10. try to commit the transaction, get the (familiar, slightly trimmed in this case) exception

m# session.commitTransaction();

Uncaught:
MongoWriteConcernError[WriteConcernFailed]: waiting for replication timed out
Additional information: {
  wtimeout: true,
  writeConcern: { w: 3, wtimeout: 100, provenance: 'clientSupplied' }
}
Result: {
  writeConcernError: {
    code: 64,
    codeName: 'WriteConcernFailed',
    errmsg: 'waiting for replication timed out',
    errInfo: {
      wtimeout: true,
      writeConcern: { w: 3, wtimeout: 100, provenance: 'clientSupplied' }
    }
  },
  ok: 1,
  ...
}

11. try to abort the transaction, get another exeption

m# session.abortTransaction();
MongoTransactionError: Cannot call abortTransaction after calling commitTransaction

12. try to see what happened to the collection’s content, insert has happened apparently

m# col.countDocuments({}); 
1

13. end the session

m# session.endSession();

14. count the document outside the session

m# db.collection0823_1304.countDocuments({});
1

15. quit the console, then reconnect

m# quit()
b# mongosh

16. count again, see 1

m# use adatabasenamenotfoundinprod;
m# db.collection0823_1304.countDocuments({});
1

17. connect to the secondary that remained alive all the way, see that indeed the collection yields 1

ms# use adatabasenamenotfoundinprod;
switched to db adatabasenamenotfoundinprod
ms# db.collection0823_1304.countDocuments({});
1

If I extract a couple of sentences from your reply, ie.
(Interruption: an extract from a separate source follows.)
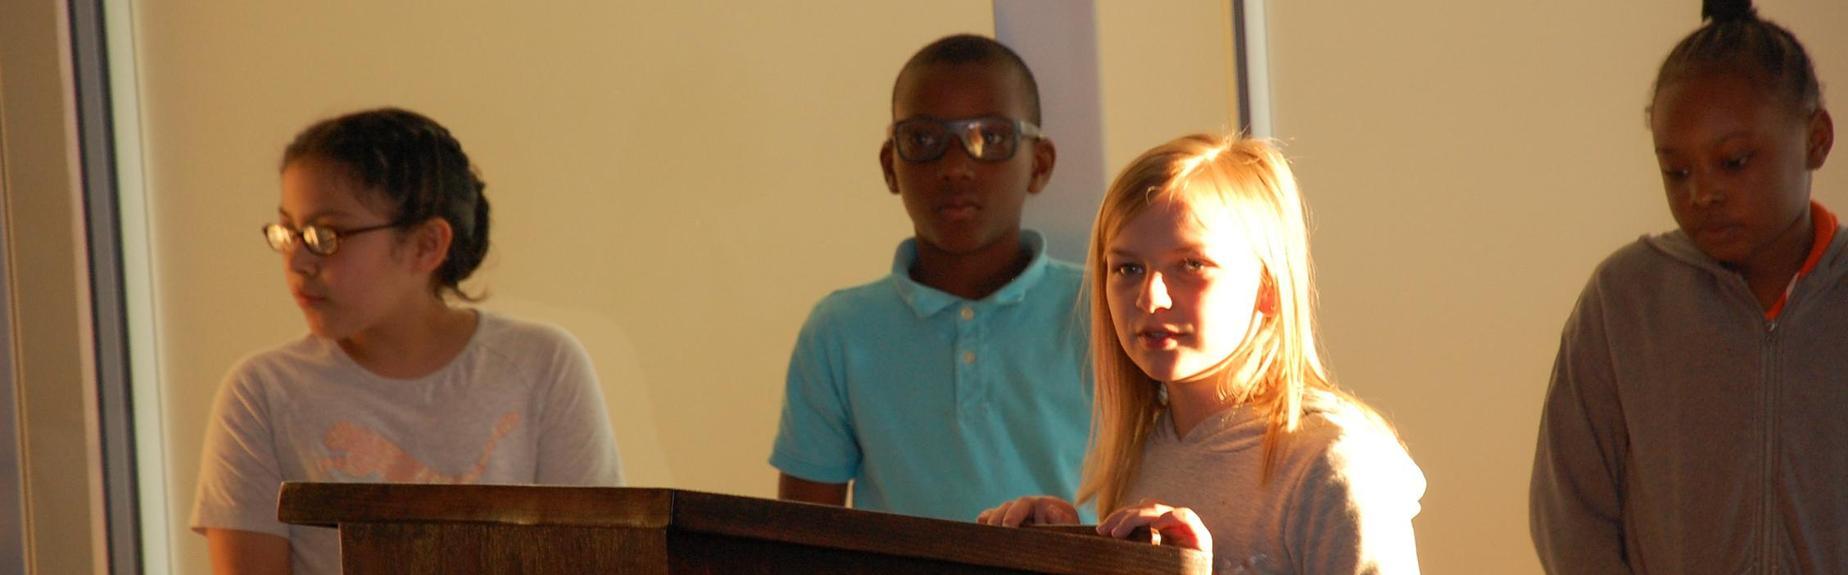 students standing at podium presenting at a board meeting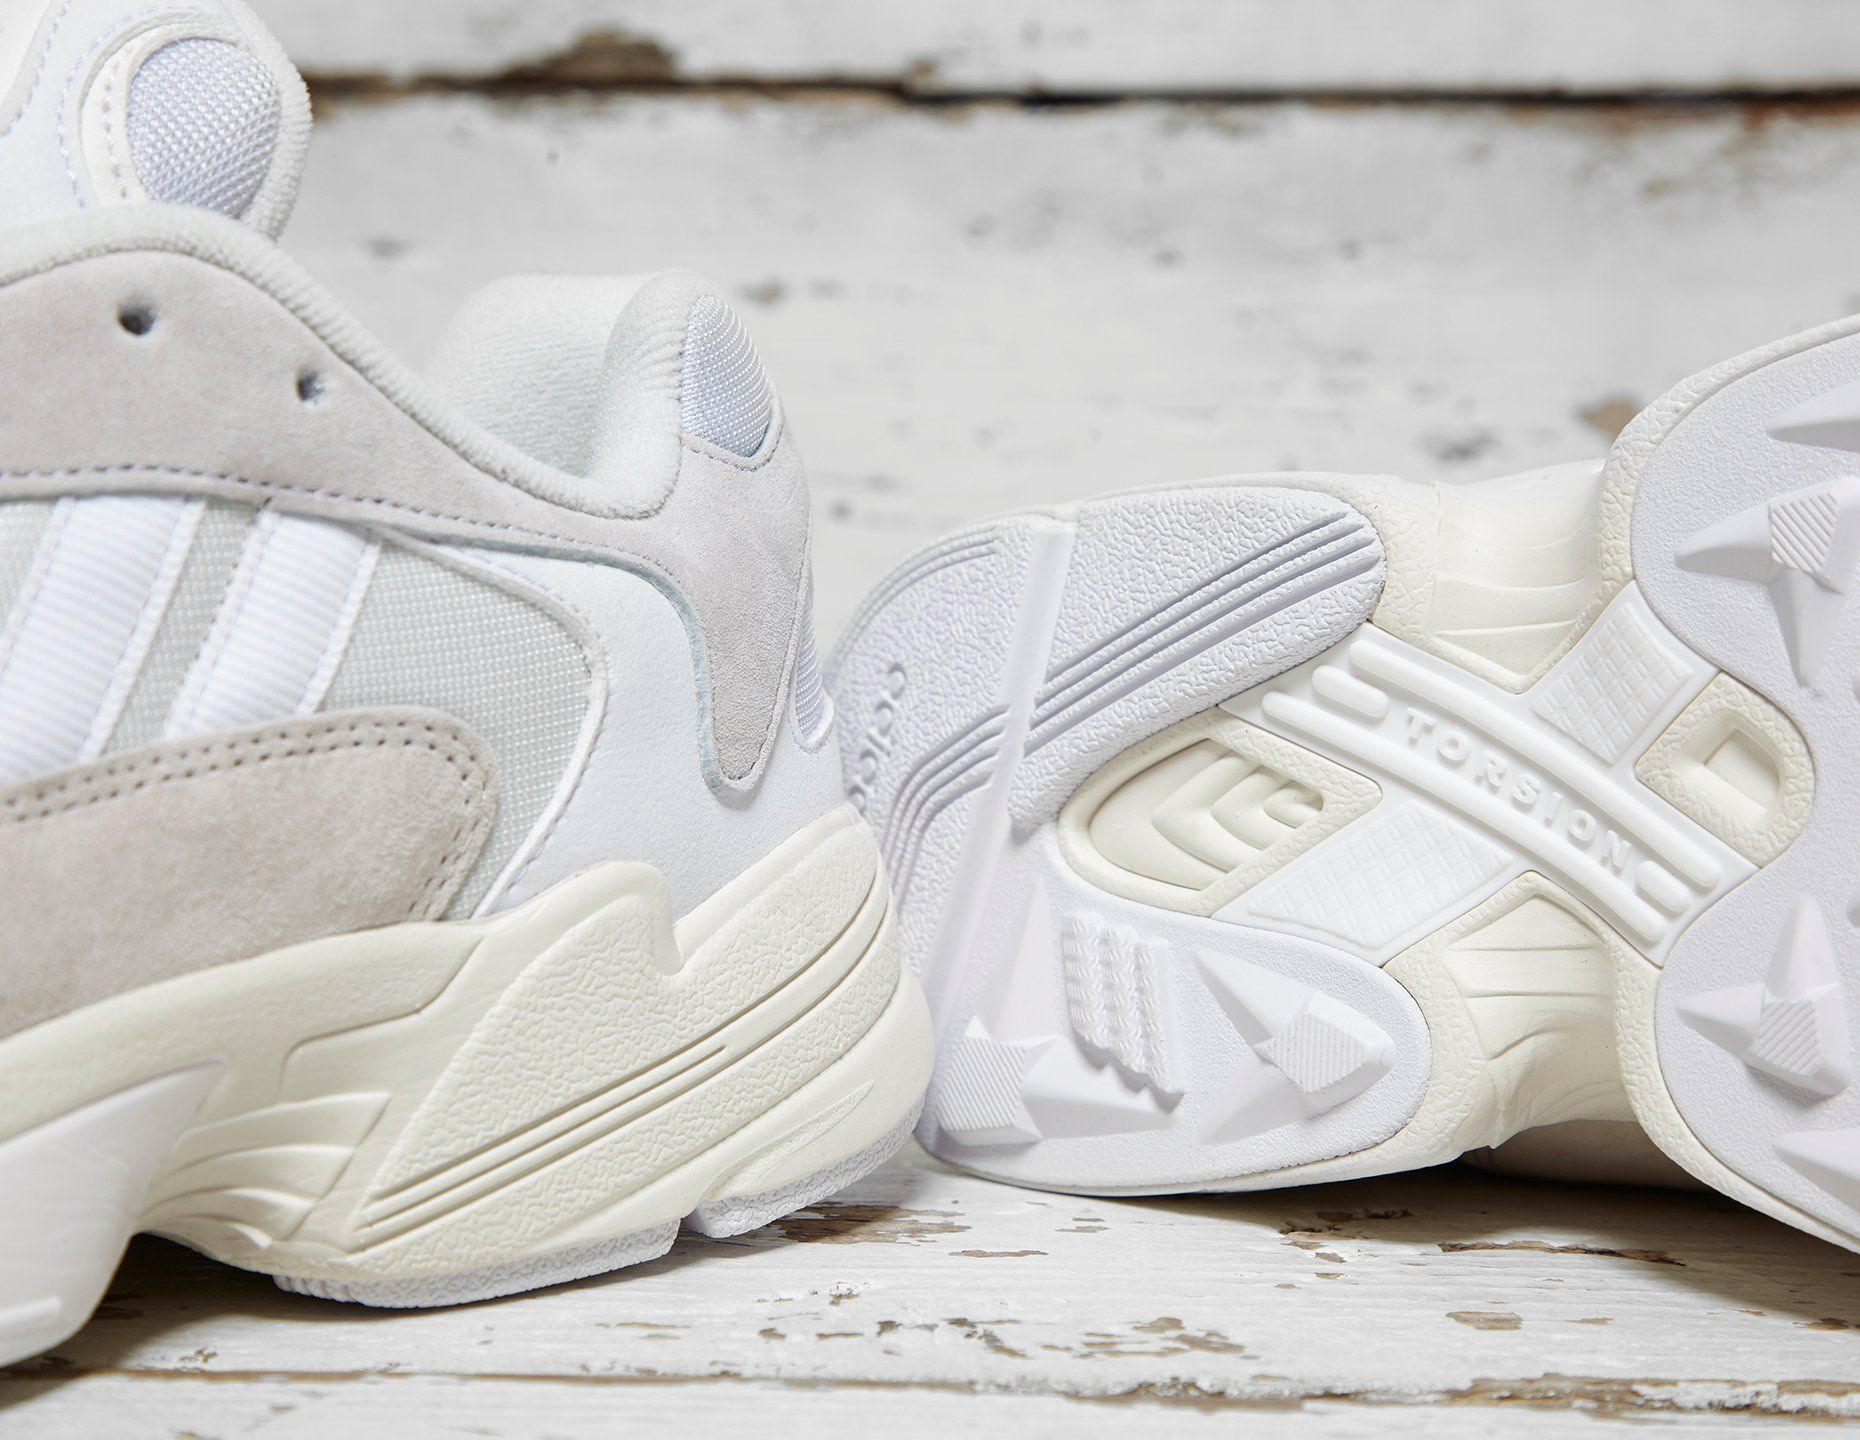 Adidas Originals Yung 1 Footpatrol

If you must guarantee that writes succeed even in the face of failures, write your writes in a transaction and don’t special case MongoWriteConcernException. If a write returns a failure, roll it back and try again.

I do wonder: how would this work in the case I just shared? I think steps 10-11 behave exactly as recommended (I just commit and rollback in case of failure), but that strategy doesn’t seem to work, and to make it more confusing, the effects of the transaction seem to survive the whole run?

Apologizes for the quite long reply, hopefully you get to see the world through my eyes, and you can tell me what I am still missing

Regards,

Filippo